MANILA — Several lawmakers on Thursday urged the Presidential Anti-Corruption Commission (PACC) to identify the 12 incumbent lawmakers it alleged to have received kickbacks from the government’s public works projects.
PACC commissioner Greco Belgica bared on Wednesday some legislators were allegedly pocketing 5 to 15 percent of funds for government infrastructure projects.
According to lawmakers, the PACC should just identify those involved in the corruption scheme and avoid "insinuations" that cast doubts on the "integrity" of the lower Chamber.
"To be fair to Congress, the PACC should name the 'less than 12' legislators allegedly involved in corruption activities alongside DPWH (Department of Public Works and Highways) officials. More importantly, evidence must be presented and cases must be filed," said AKO BICOL Party-list Rep. Alfredo Garbin.
"This is not healthy for Congress as an institution. Mahirap 'pag puro chismis lang. The PACC should walk the walk," Garbin added.
Anakalusugan Party-list Rep. Mike Defensor echoed Garbin and urged PACC to "just shut up" if they cannot provide evidence on their allegations.

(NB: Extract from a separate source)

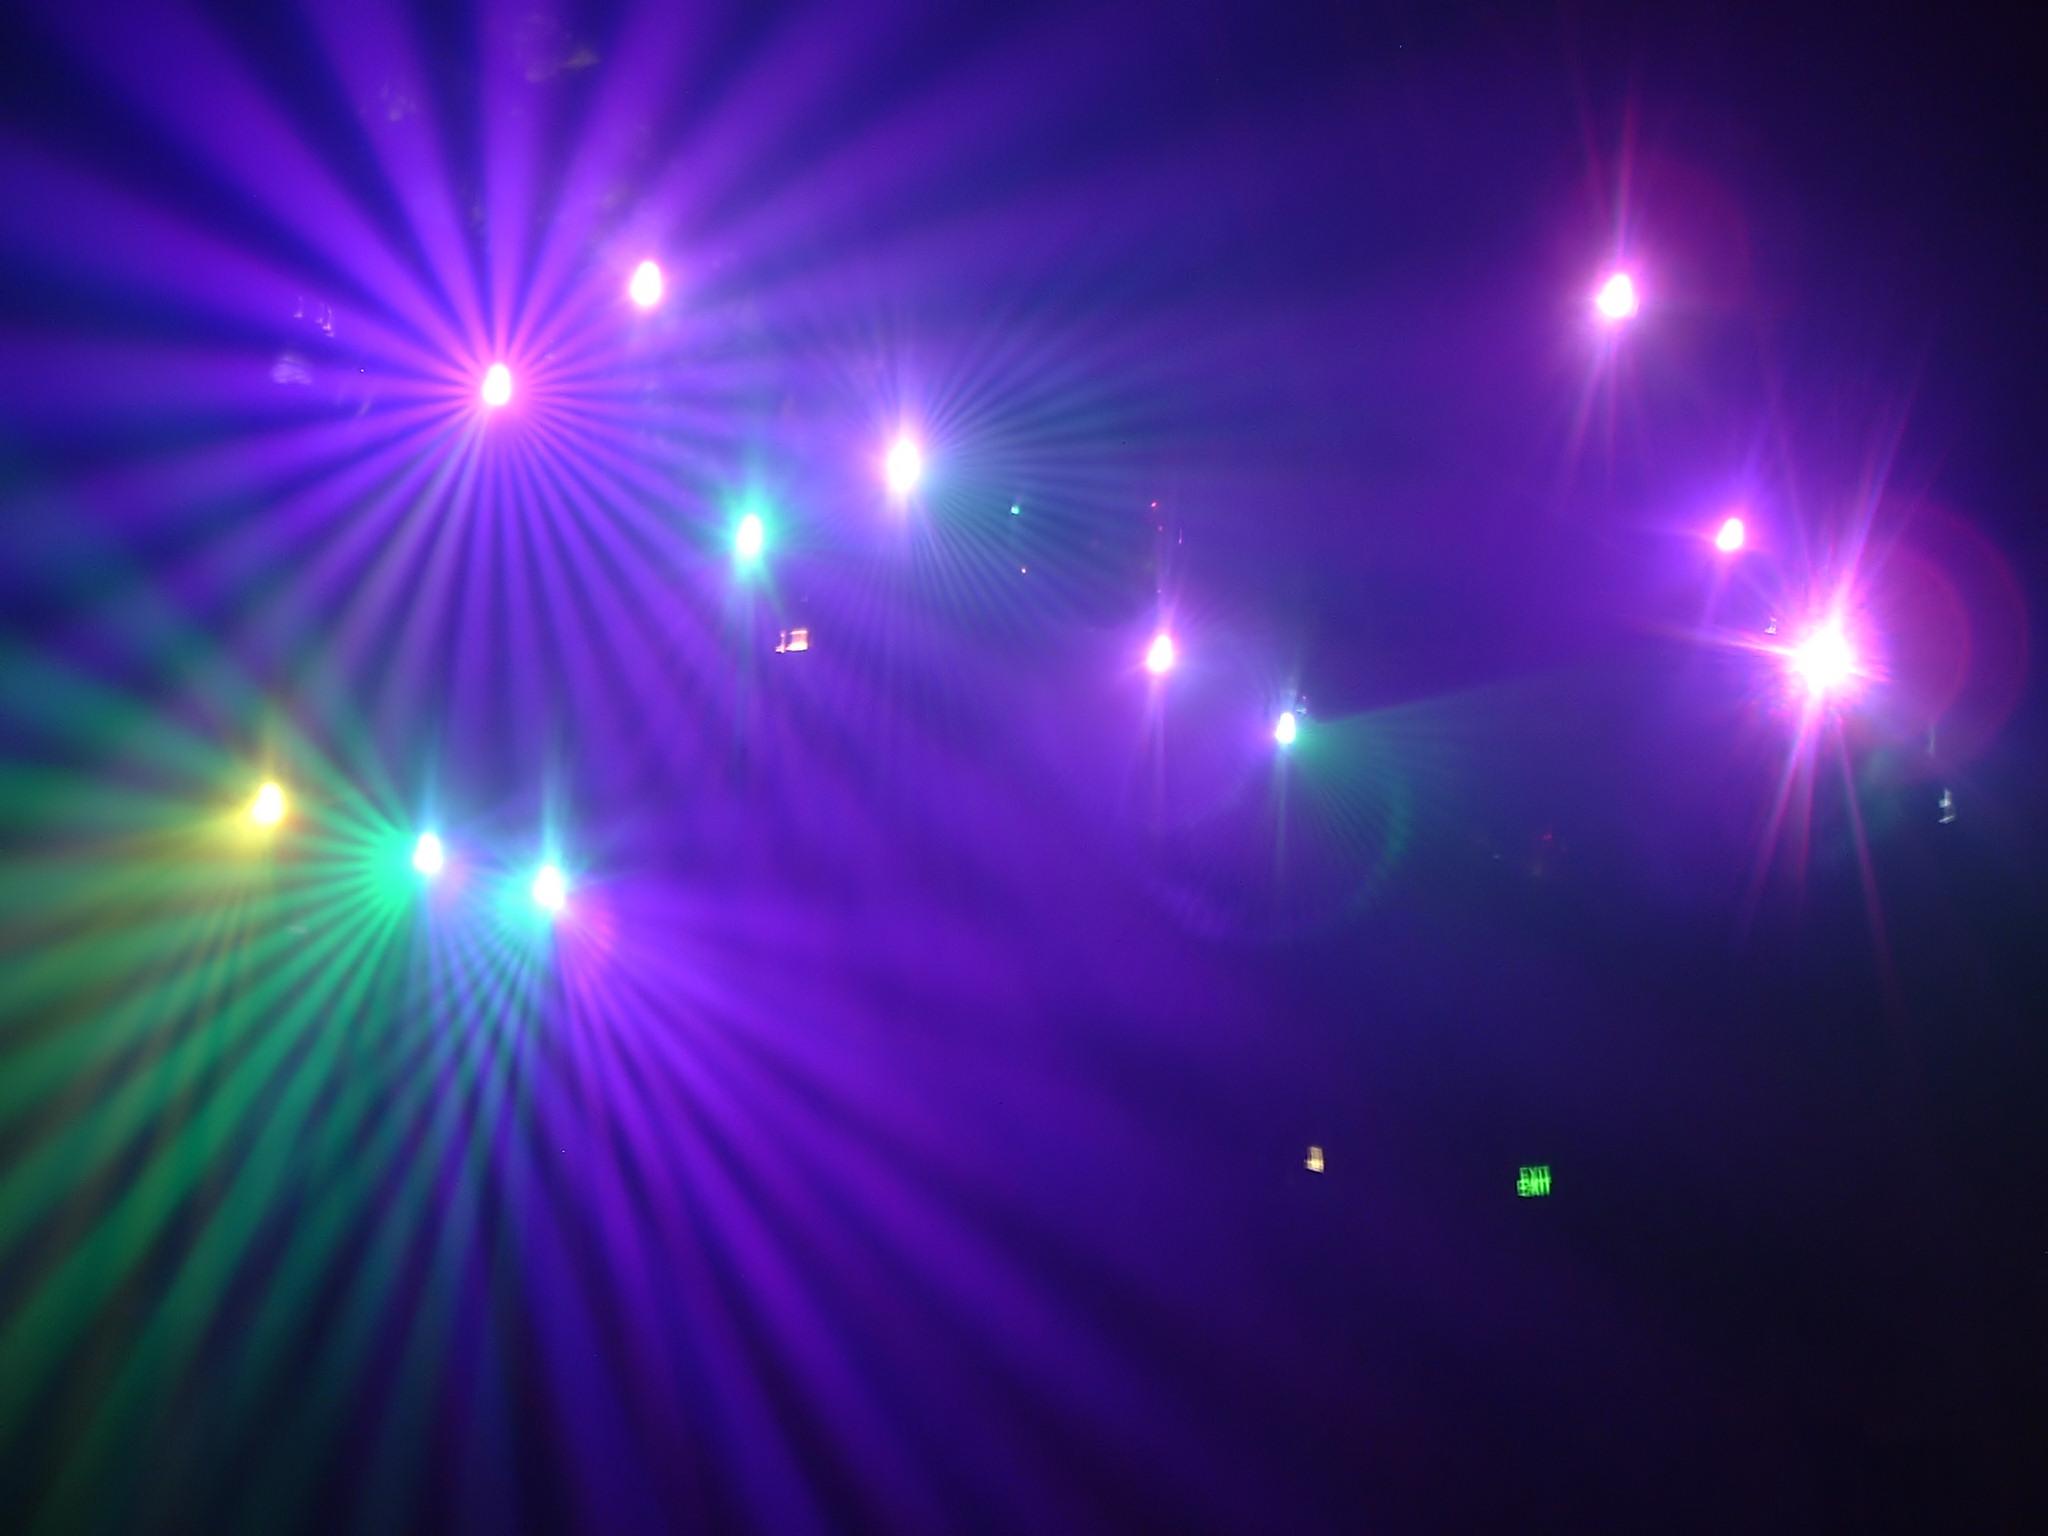 Club lighting rig test by astrant82 on deviantart - Licht nightclub ...

"[H]e (Belgica) should just shut up. If he has evidence that can stand in court, he should file cases against the lawmakers he claims are involved in corruption," the party-list solon said.
The PACC is tasked to investigate and hear cases primarily involving graft and corruption against all presidential appointees, not elected officials.
Bayan Muna Rep. Carlos Zarate said the PACC should submit its findings to Congress, which has existing mechanisms to punish erring members.
"In the House we have the ethics committee. Ang findings nung PACC they can submit that to the ethics committee para maging dahilan 'yan na magkaroon ng pag-imbestiga kung kinakailangan," Zarate said.
(The findings of the PACC, they can submit that to the ethics committee so there would be an investigation.)
Belgica earlier said the list was submitted to President Rodrigo Duterte, and that it would then be forwarded to the Office of the Ombudsma, which has jurisdiction over such cases.
In October, the President issued a memorandum directing the Department of Justice to look into anomalies in state agencies until the end of his term in 2022.